讀一個晚上的書竟然淵博而且博得荒唐,那是噱頭;讀一輩子的書竟然忘記而且忘得清光,那是罪孽。我有點失落,寫信向台北的陳素芳求救。她先是查到《文訊》社裏存有《愛晚亭》,可以影印;過不了幾天,她竟寄了一本小開本來了:「三民書局重出《愛晚亭》,算一算已經四十五年了,台灣這些老字號出版社真不錯!」素芳信上說。
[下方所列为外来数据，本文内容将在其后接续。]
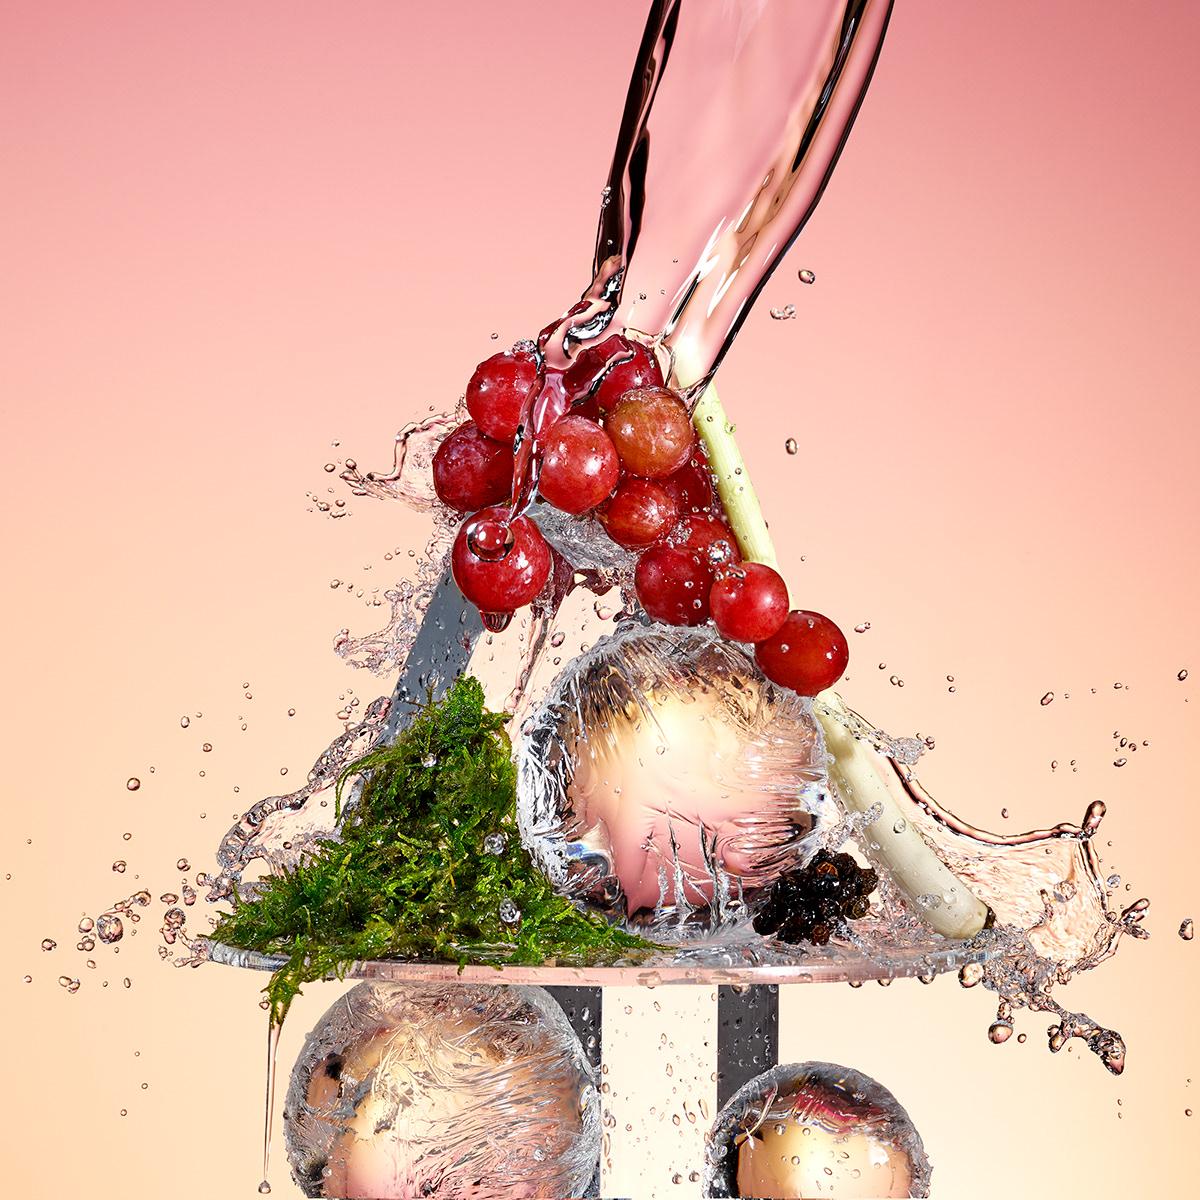 Los intensos colores y la frescura de las fotografías son el sello de esta serie promocional.

我沒有讀過謝冰瑩一九二八年參加北伐翌年寫的《從軍日記》,林語堂譯介的英文本好像見過。我唸初中讀的是她的《女兵自傳》,去了台南升學才讀暢流版本的《愛晚亭》。有一年寒假到台北師大看老同學,我們在長長的走廊上遇見謝冰瑩,一派民初風範,旗袍長到小腿,鬢邊夾着髮夾,敦厚的嘴唇撐起一張敦厚的臉。我同學叫了一聲「謝老師!」謝冰瑩猶豫了一下笑笑說:「天冷,穿暖和些!」她的國語帶湖南鄉音。
那天深夜,我終於重讀了整本《愛晚亭》。真要把這本文集壓縮成膠囊冒充well-read的話,杜牧的十四個字最貼題:「停車坐愛楓林晚,霜葉紅於二月花」。